REQUIRED ACTION: Exactly as written, return every line of the data below apart from the pictures.

MATERIAL PROVIDED:
/---

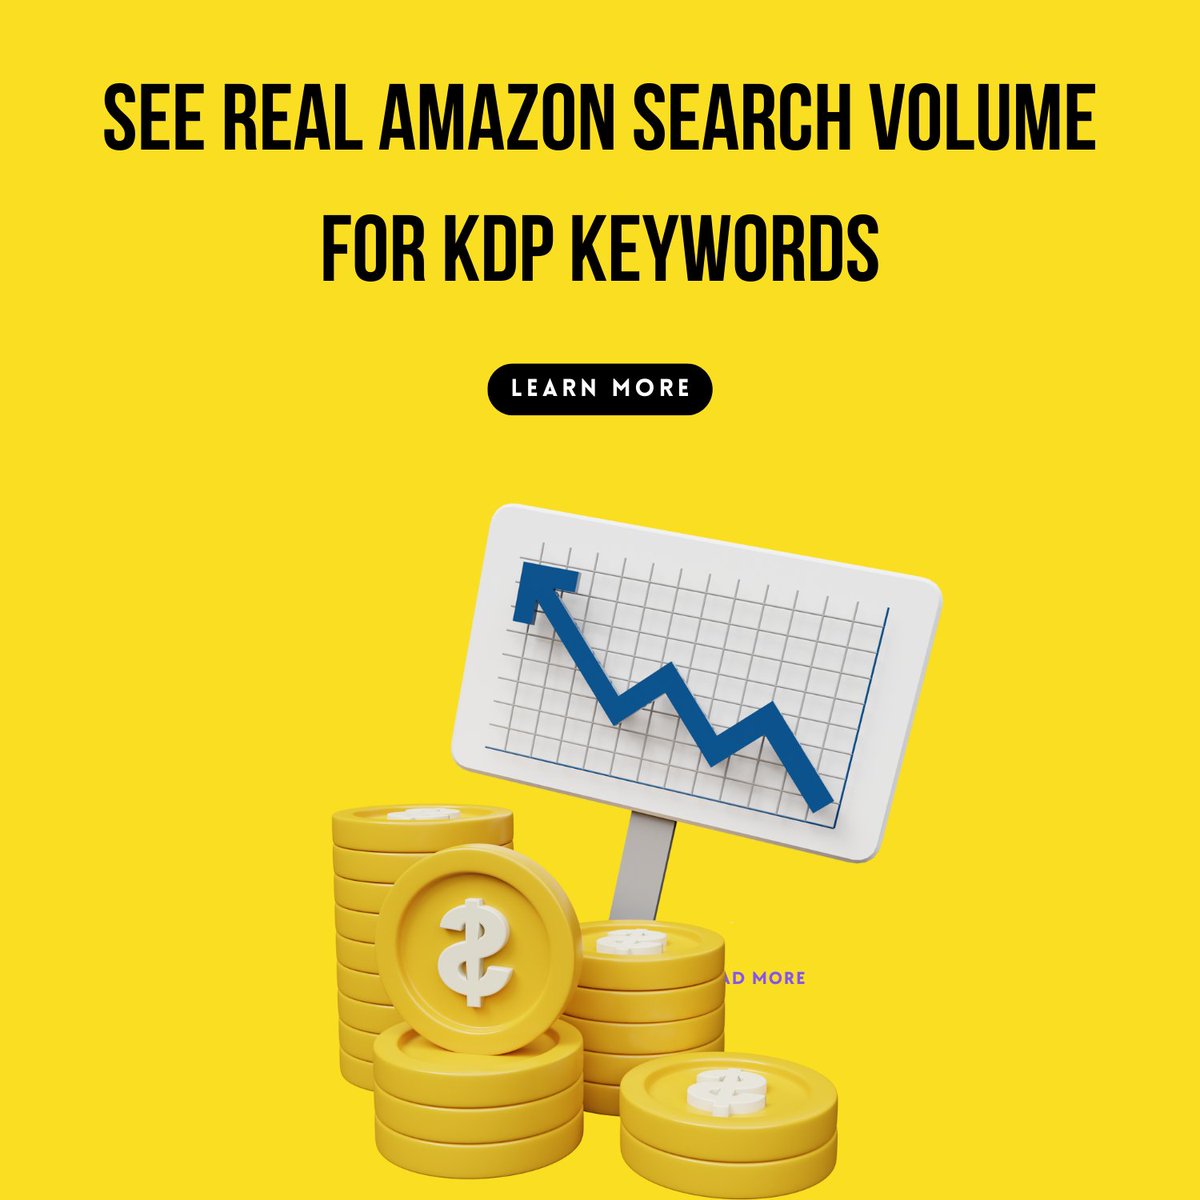 bookbolt.io/1596.html See Real Amazon Search Volume For KDP Keywords! #book #bookinteriors #covers #design #kdpbook #bookbold #bookcovers #lowcontentbooks #lowcontentniches #listkdpbooks #Amazon #amazonsearchvolume #kdpkeywords #designer #uiux #designthinking #sale
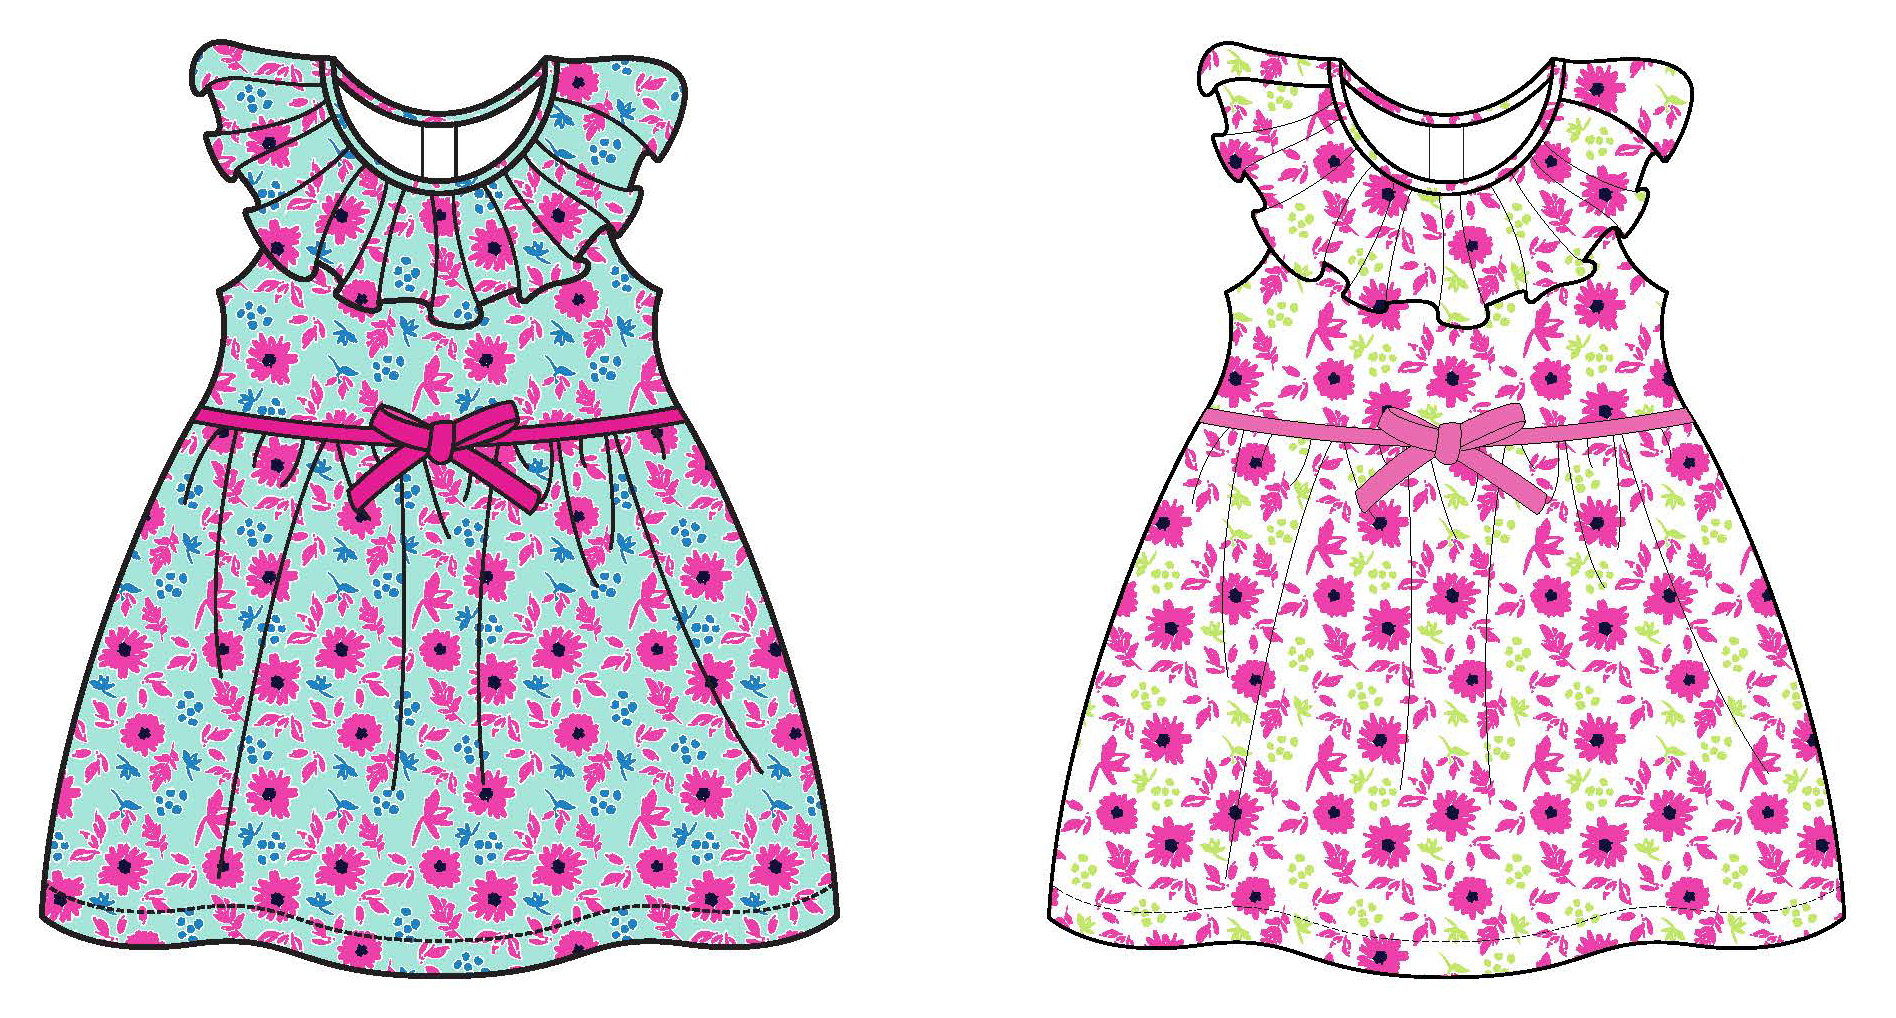 Toddler Girl's Printed Knit Sleeveless Dress w/ UNDERWEAR Panty & Embroidered Ribbon - Liberty Flora
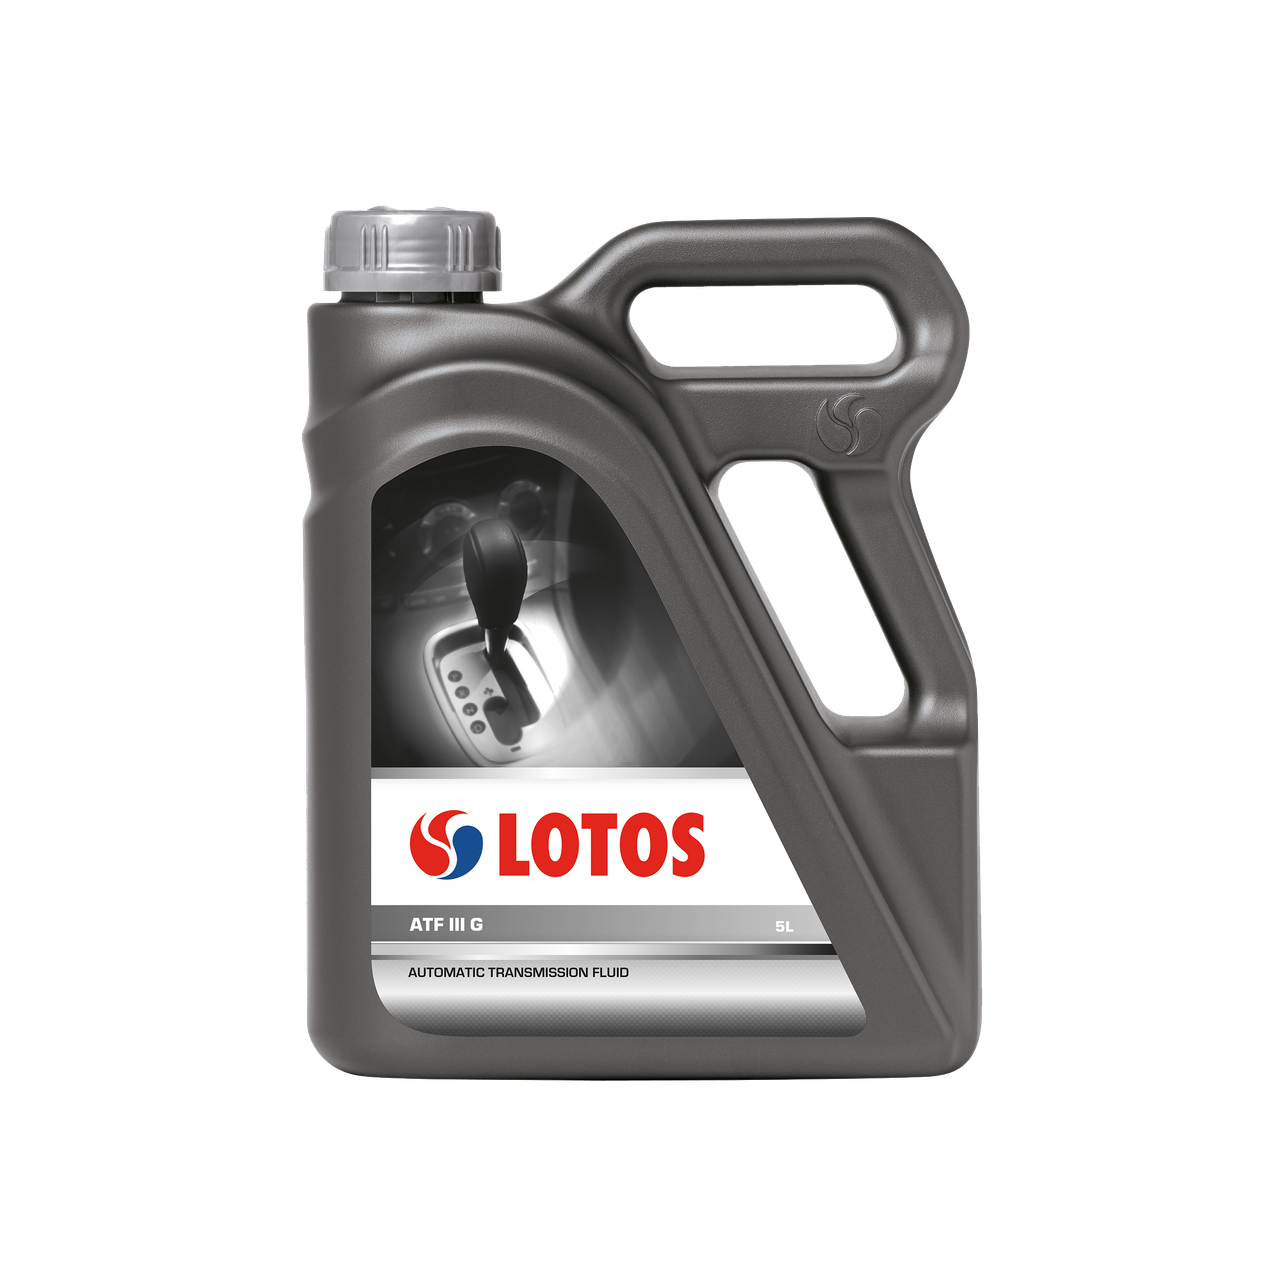 Lotos ATF wfk5087300h0. Масло Lotos ATF iid. Oil масло Lotos logo. Наклейки масел Lotos ATF 2d. Масло atf 5

\---

EXERCISE ANSWER:
 bookbolt.io/1596.html See Real Amazon Search Volume For KDP Keywords! #book #bookinteriors #covers #design #kdpbook #bookbold #bookcovers #lowcontentbooks #lowcontentniches #listkdpbooks #Amazon #amazonsearchvolume #kdpkeywords #designer #uiux #designthinking #sale
 Toddler Girl's Printed Knit Sleeveless Dress w/ UNDERWEAR Panty & Embroidered Ribbon - Liberty Flora
 Lotos ATF wfk5087300h0. Масло Lotos ATF iid. Oil масло Lotos logo. Наклейки масел Lotos ATF 2d. Масло atf 5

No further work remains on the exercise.